Но и эти «различия» могли бы остаться предметом чисто семейных разногласий, если бы госпожа Панчи не начала подкрадываться на улице к прохожим и, незаметно достав из сумочки «патрон» с губной помадой, помечать растерявшихся людей прямо у всех на глазах, губя их репутацию цветом спелой вишни. Сопровождая свои художества восклицаниями: «Неужели вы думали, что я ничего не заметила! Одно говорите, другое делаете! Полагали, от меня можно что-то скрыть!»

А после того как она учинила подобное над одним политиком — он был председателем то ли какого-то местного совета, то ли комитета, то ли чего-то еще в таком роде, — пояснив, что его «даже случайно нельзя принять за человека», ее отправили на освидетельствование в психиатрическую клинику. Откуда она никогда не вышла. Умерла она как-то утром, нагая, вся покрытая слоем помады, возможно, всю ночь обводила кружочками различия, начав с собственных губ, а затем спиралями переходя на щеки, лоб, шею, грудь и дальше, покуда на ее теле не осталось свободного места.


Шторка черной камеры: год восемнадцатый

Маленькая фотография для удостоверения личности. Слишком строгая. Фотографии для документов подразумевают основательность и серьезность. Даже несмотря на то, что государство, которое постепенно заносит тебя во множество своих документов, формуляров, картотек, совершенно несерьезно и неосновательно. Но это выясняется только через некоторое время, когда уже поздно, когда пути назад нет...

А начинается все с того, что фотограф — все тот же вечный Чорбич — растягивает у тебя за спиной матерчатый экран синего цвета, который отлично контрастирует с лицом и закрывает не только паутину, но и всякую рухлядь в глубинах его ателье. Затем Чорбич особым образом, «артистически», двумя пальцами, невероятно тщательно распределяет складки задника. Ткань пропитана пылью, и в солнечном свете повисает облако мельчайших пылинок...

Потом Чорбич просит тебя сесть попрямее. Ты оглядываешься по сторонам, рассматриваешь многочисленные снимки, развешанные по стенам: чужие фотографии для ученических билетов, паспортов, водительских прав, чужие фотографии из армии, с венчаний, для некрологов, чужие фотографии на фарфоре, для надгробий... Смотришь на все эти сюжеты, и тебе становится ясно, что того же самого ждут и от тебя. В таком или несколько ином порядке...
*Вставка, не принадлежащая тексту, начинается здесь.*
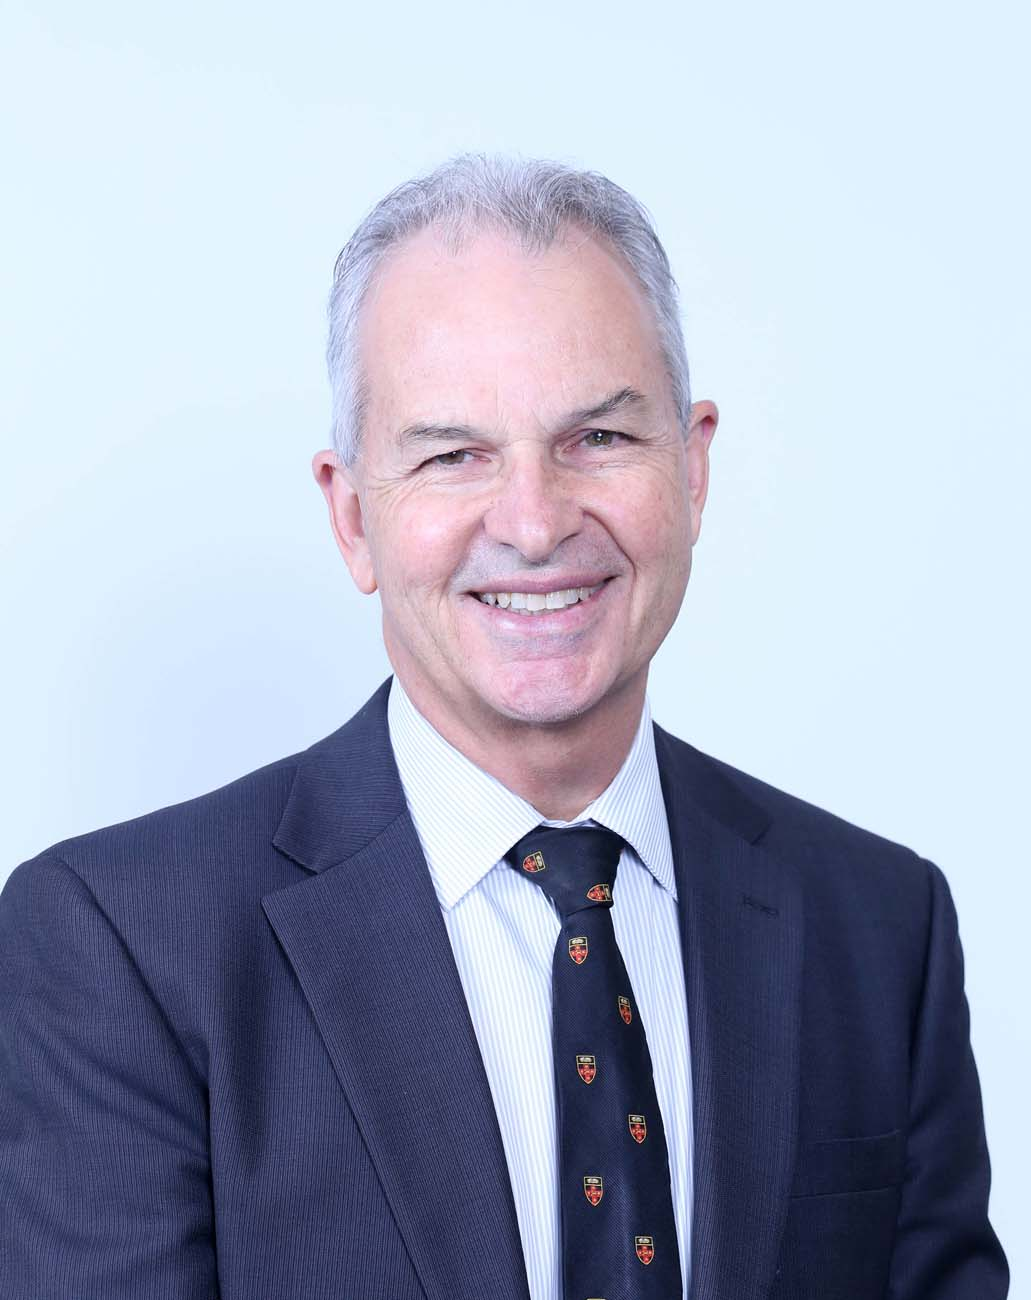 Professor Mark Ashley Brown

«Не зевай! Закрой рот и не моргай, смотри в объектив!» — распоряжается Чорбич.

Ты подчиняешься и в этом. Закрываешь рот, не моргаешь, смотришь в объектив, тебе отлично видно, как там, по другую сторону аппарата, шторка, шторка черной камеры на миг открывается и тут же закрывается. Хочешь не хочешь, невидимая частичка тебя теперь  навеки заперта в мышеловке. Все это сопровождается резким щелчком и удовлетворенным цоканьем Чорбича.
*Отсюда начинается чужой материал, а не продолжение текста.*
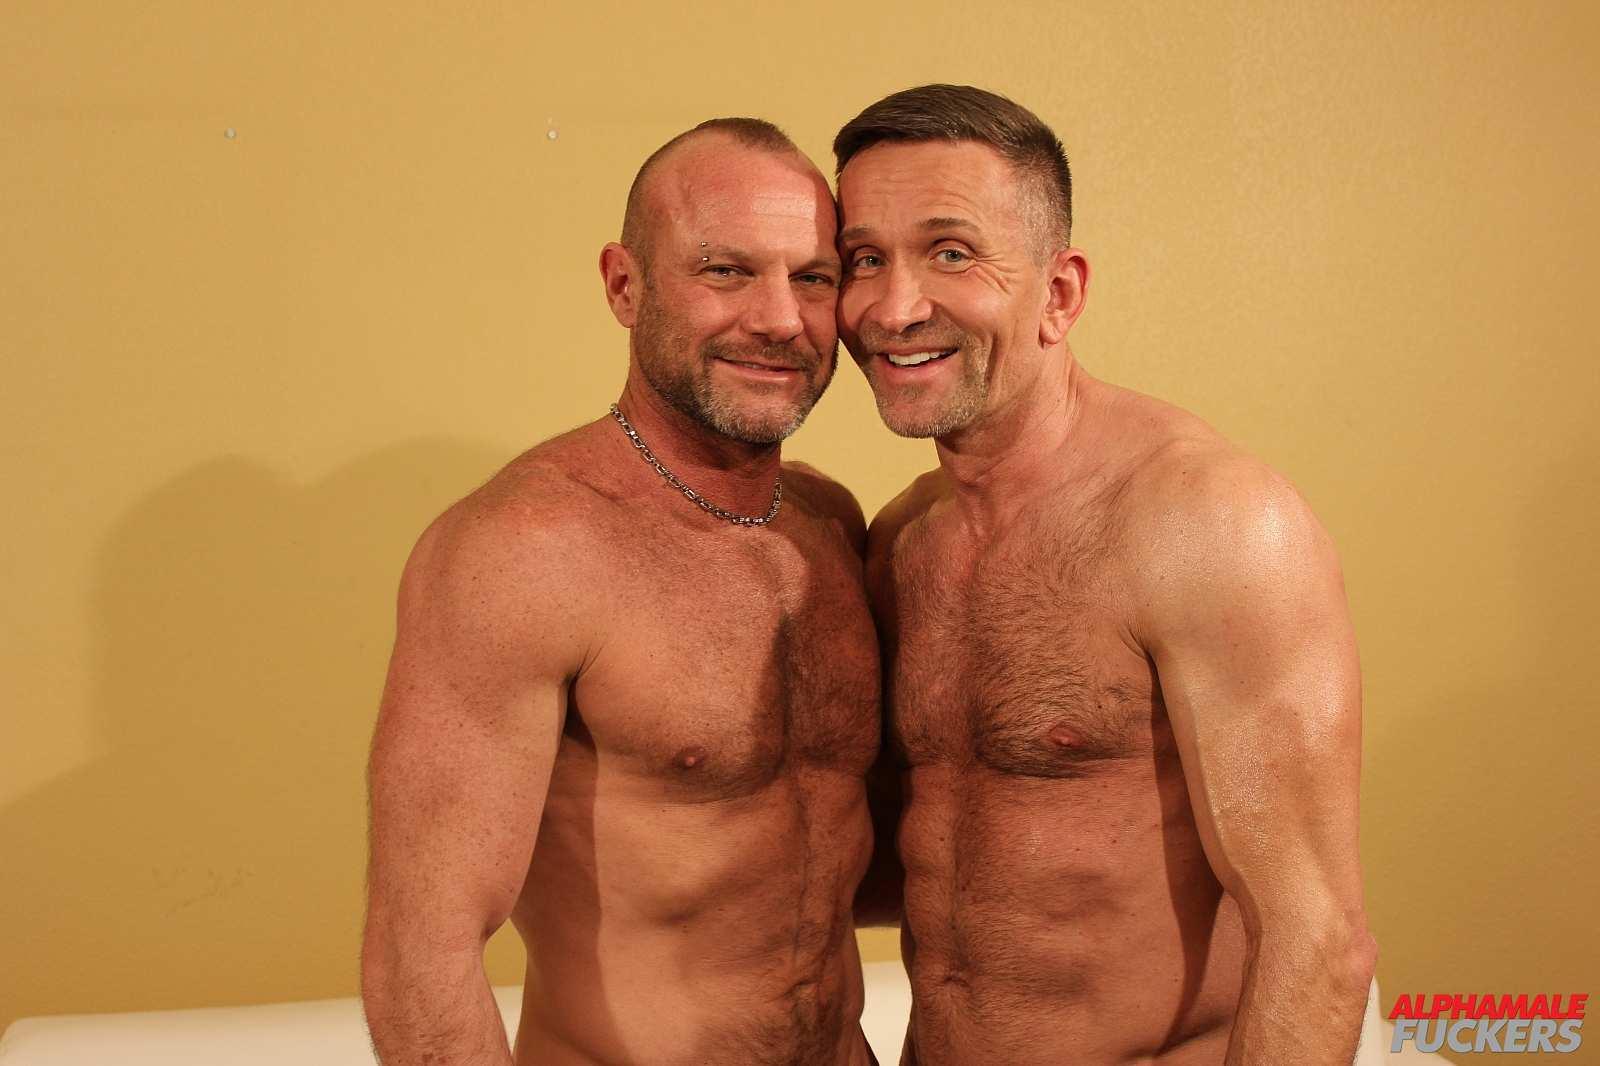 AM_Chad_Brock_and_Matt_Sizemore_1080p_s1.jpg

На следующий день, вручая тебе четвертушку синего конверта с четырьмя фотографиями для первого удостоверения личности, Чорбич опять удовлетворенно цокает языком. Оглядывает тебя оценивающе, как охотник добычу, словно прикидывая, сколько времени он потратит на тебя в будущем... Рассматривает, качает головой, будто хочет сказать, что это только начало... Однако, вручая тебе четвертушку синего конверта с четырьмя фотографиями для первого удостоверения личности, он ограничивается лишь театральным восклицанием:

— Поздравляю!

Ты отвечаешь:

— Да не с чем!

Если не растеряешься от волнения.


Дефицит клея и треть печати: год девятнадцатый

И дальше, похоже, все словно и идет той самой чередой... Нас снимали на полигоне, запыхавшихся, после бессмысленных занятий «по отработке действий в случае атомной бомбардировки». Казалось, что главной задачей было заставить нас упасть плашмя именно туда, где больше всего грязи. Это якобы дисциплинирует новобранцев.
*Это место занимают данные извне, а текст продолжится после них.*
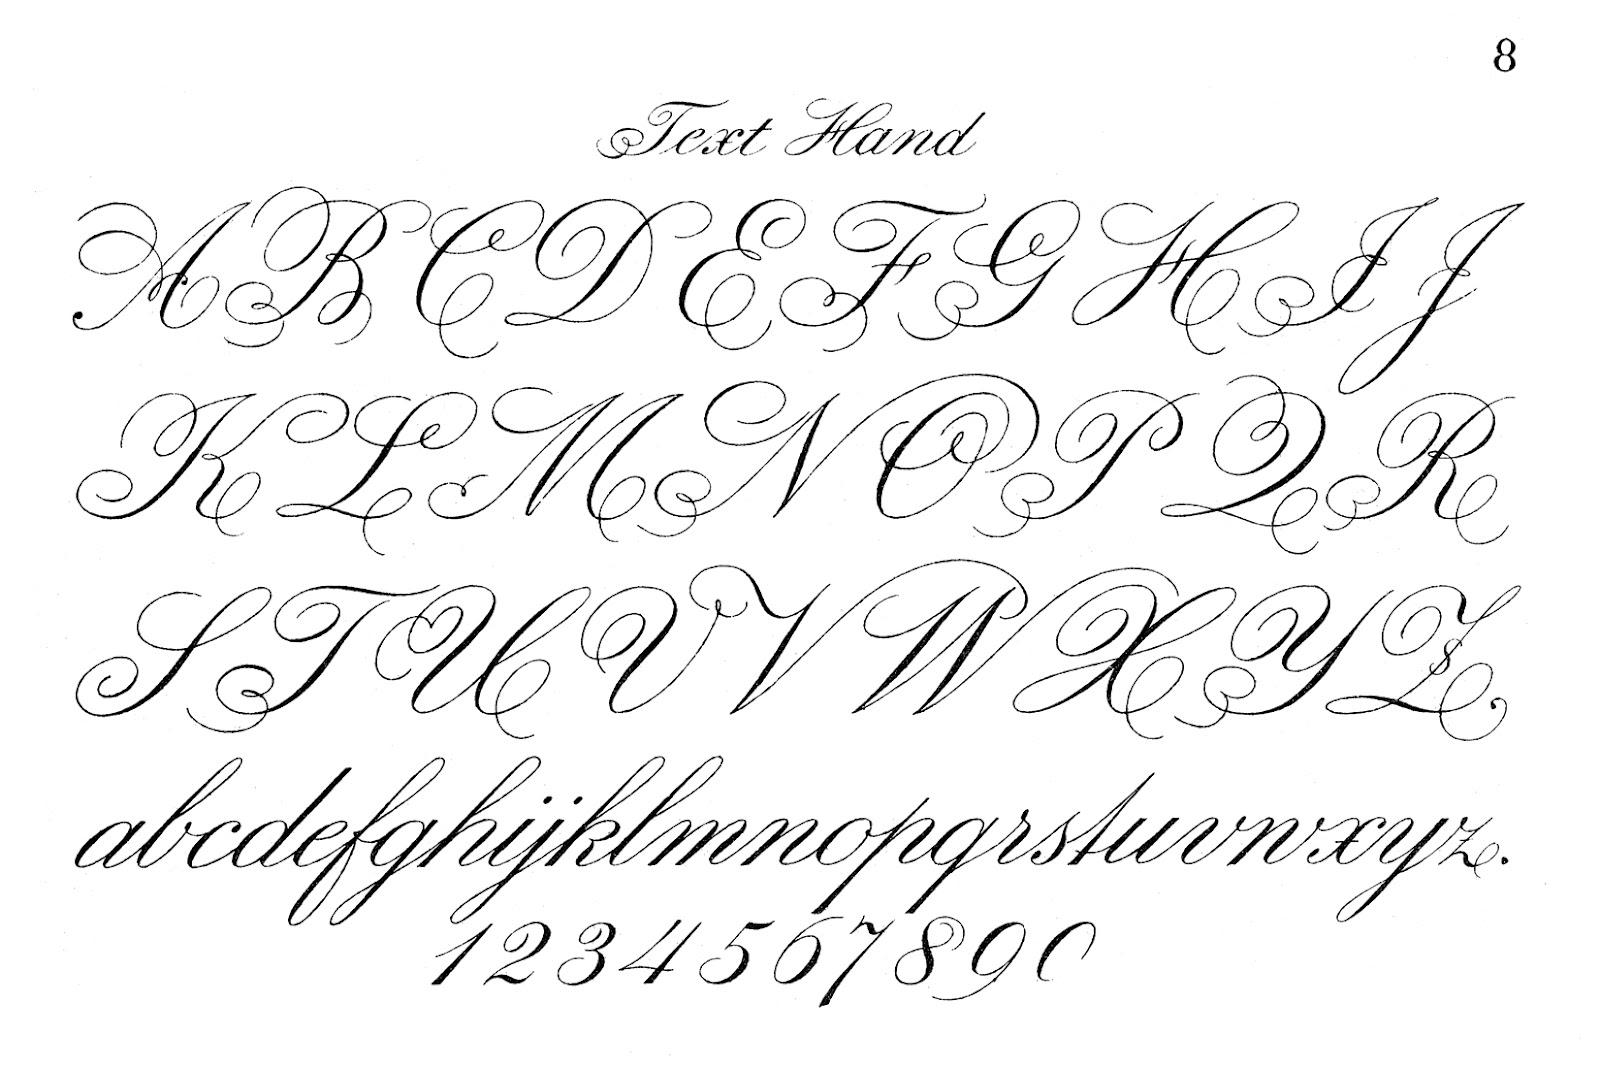 image about Fonts Printable named 13 Extravagant Font Letters Script R Visuals - Printable Cursive

Между прочим, фотография в военном билете была приклеена плохо. Ротный секретарь, срочник, экономил клей, я не удивился бы, узнав, что он тащит его домой, так же как при каждом увольнении тащил все, что попадало под руку: зеленые солдатские полотенца, коробочки со скрепками, гильзы после боевых стрельб, шнурки, остатки сухих пайков или масло для смазки затворов.

Перейти на страницу:

Похожие книги

Великий перелом
Великий перелом

Наш современник, попавший после смерти в тело Михаила Фрунзе, продолжает крутится в 1920-х годах. Пытаясь выжить, удержать власть и, что намного важнее, развернуть Союз на новый, куда более гармоничный и сбалансированный путь.Но не все так просто.Врагов много. И многим из них он – как кость в горле. Причем врагов не только внешних, но и внутренних. Ведь в годы революции с общественного дна поднялось очень много всяких «осадков» и «подонков». И наркому придется с ними столкнуться.Справится ли он? Выживет ли? Сумеет ли переломить крайне губительные тренды Союза? Губительные прежде всего для самих себя. Как, впрочем, и обычно. Ибо, как гласит древняя мудрость, настоящий твой противник всегда скрывается в зеркале…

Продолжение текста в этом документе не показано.